If $\lambda \in \Bbb F$ is an eigenvalue of $A$ of geometric multiplicity $1$, then the eigenspace corresponding to $\lambda$ is a $1$-dimensional subspace of $\Bbb F^n$; thus there is a vector

$0 \ne \vec x \in \Bbb F^n \tag 1$

with

$A\vec x = \lambda \vec x; \tag 2$

furthermore, any non-zero vector

$0 \ne \vec y \in \Bbb F^n \tag 3$

satisfying

$A \vec y = \lambda \vec y \tag 4$

must be collinear with $\vec x$:

$\exists 0 \ne \alpha \in \Bbb F, \; \vec y = \alpha \vec x. \tag 5$

Next, consider the $n$ matrices

$X_i \in \Bbb F^{n \times n}, \; 1 \le i \le n, \tag 6$

where the $i$-th column of $X_i$ is $\vec x$, and all other columns are $0$; that is, the $X_i$ take the form

$X_i = [0 \; 0 \; \ldots \; \vec x \; \ldots \; 0 \; 0]. \tag 7$

Now any

$Y \in \Bbb F^{n \times n} \tag 8$

may be written

$Y = [\vec y_1 \; \vec y_2 \; \ldots \; \vec y_n], \tag 9$

with each

$\vec y_i \in \Bbb F^n; \tag{10}$

the action of $L$ on $Y$ is thus given by

$LY = [A\vec y_1 \; A\vec y_2 \ldots \; A\vec y_n]; \tag{11}$

it follows that

$LX_i = [0 \; 0 \; \ldots \; A\vec x \; \ldots \; 0 \; 0] = [0 \; 0 \; \ldots \; \lambda \vec x \; \ldots \; 0 \; 0] = \lambda [0 \; 0 \; \ldots \; \vec x \; \ldots \; 0 \; 0] = \lambda X_i; \tag {12}$

that is, each $X_i$ is a $\lambda$-eigenvector of $L$ in $\Bbb F^{n \times n}$; furthermore, the $X_i$ are linearly independent over $\Bbb F$, for given any

$a_i \in \Bbb F, \; 1 \le i \le n, \tag{13}$

we have

$\displaystyle \sum_1^n a_iX_i = [a_1 \vec x \; a_2\vec x \; \ldots \; a_n \vec x] \ne 0 \tag{14}$

provided at least one $a_i \ne 0$.

We have thus demonstrated the existence of $n$ linearly independent $\lambda$-eigenvectors of $L$ in $F^{n \times n}$, that is, that the geometric multiplicity of $\lambda$ as an eigenvalue of $L:\Bbb F^n \to \Bbb F^n$ is at least $n$. $OE\Delta$.

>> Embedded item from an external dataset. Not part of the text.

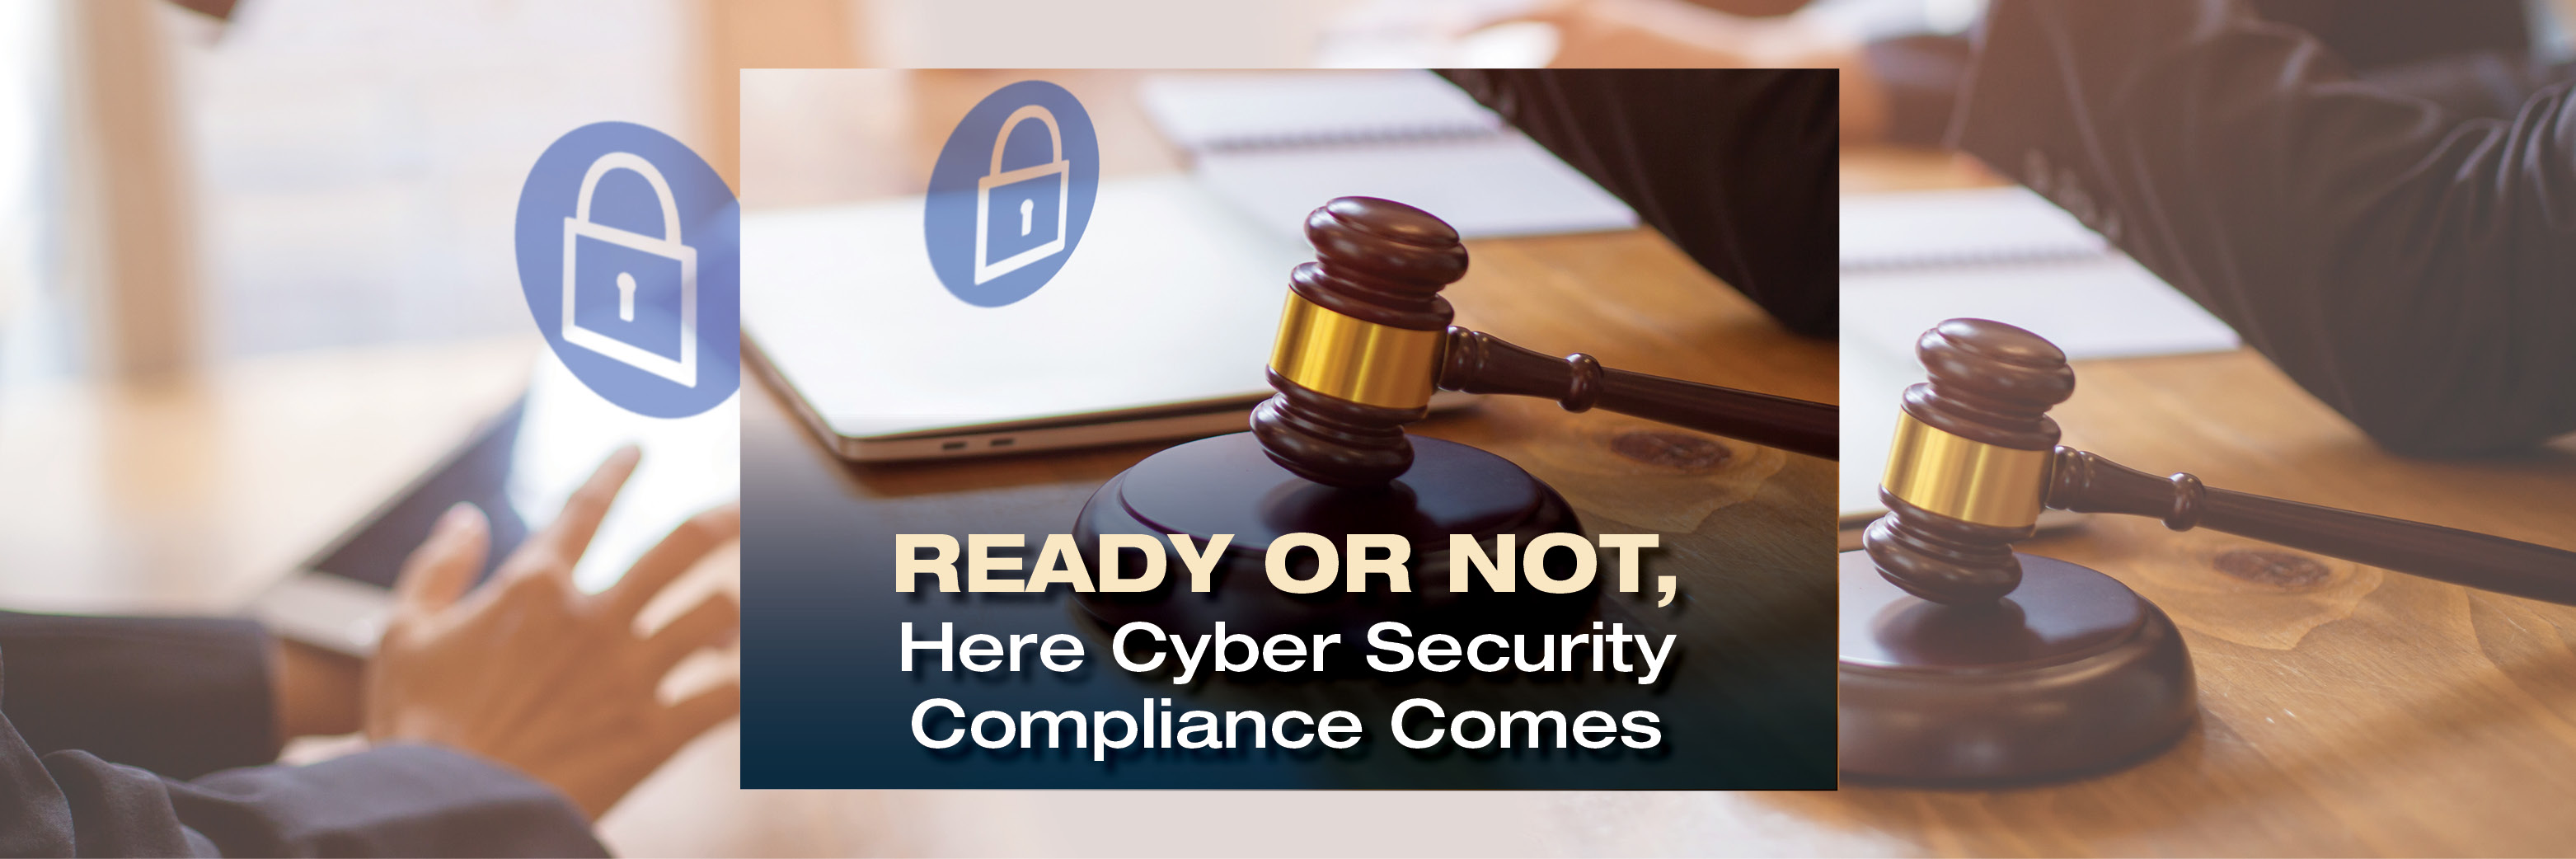 Ready or Not, Here Cyber Security Compliance Comes
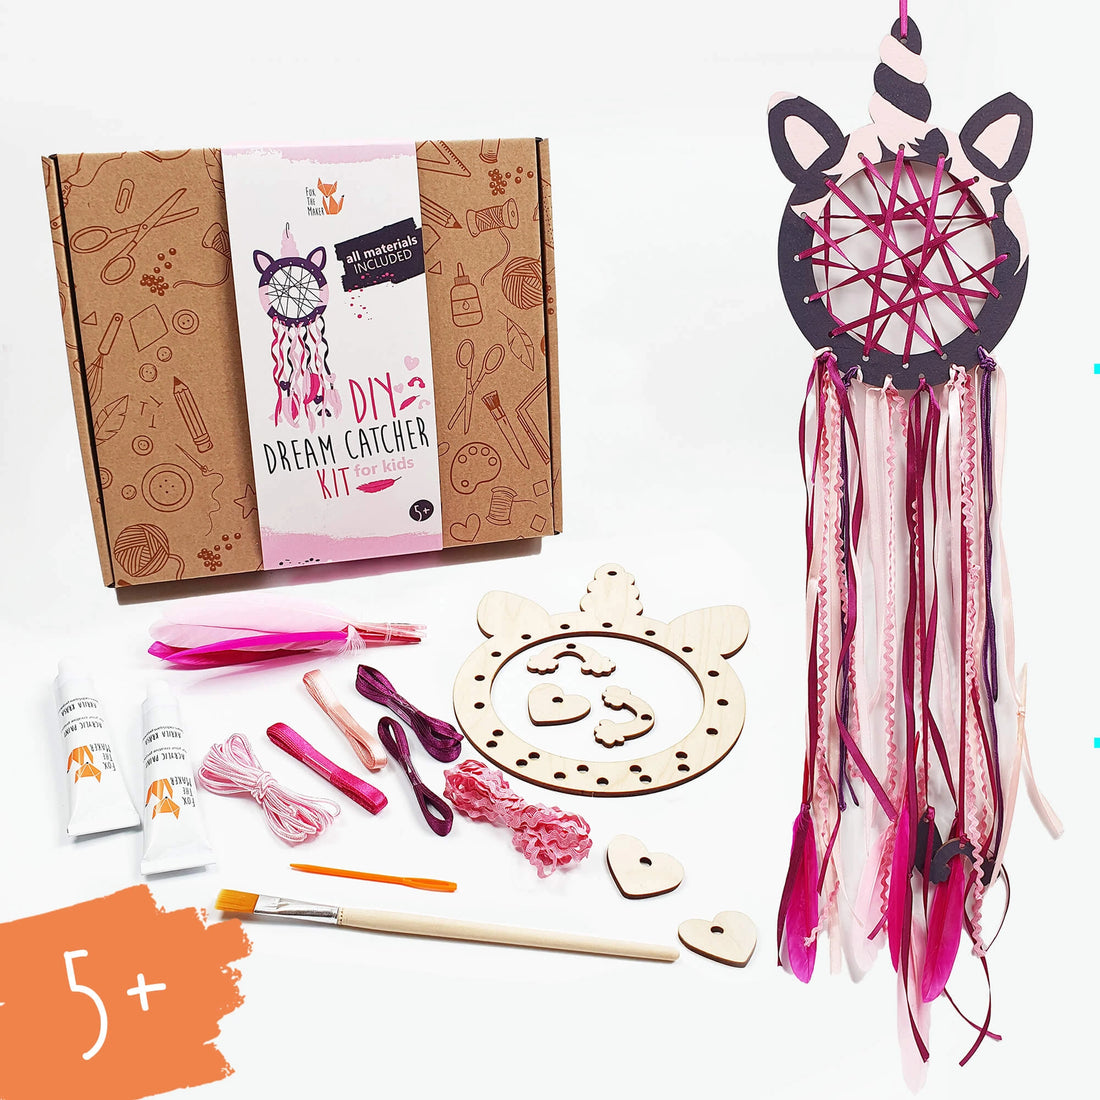 Dream Catcher Kit, DIY Dreamcatcher Kit for Kids, Gifts for Crafty Girls,  Unique Crafts Kit for Girls, Creative Kits, Craft for Christmas

Nota Bene: Based upon what we have done above, we can, with only a little extra work, show that in fact the geometric multiplicity of $\lambda$ as an eigenvalue of $L$ is in fact precisely $n$; for with $Y$ as in (8)-(11),

$LY = \lambda Y \Longrightarrow A \vec y_i = \lambda \vec y_i, \; 1 \le i \le n; \tag{15}$

then as noted above in (3)-(5) we have

$\vec y_i = \alpha_i \vec x, \; 1 \le i \le n, \tag{16}$

and so

$Y = \displaystyle \sum_1^n \alpha_i X_i; \tag{17}$

that is, every eigenvector $Y$ of $L$ lies in $\text{span}\{ X_i, \; 1 \le i \le n \}$; this proves the dimension of the $\lambda$-eigenspace of $L$ is precisely $n$, and hence the geometric multiplicity of $\lambda$ is exactly $n$ as well. End of Note.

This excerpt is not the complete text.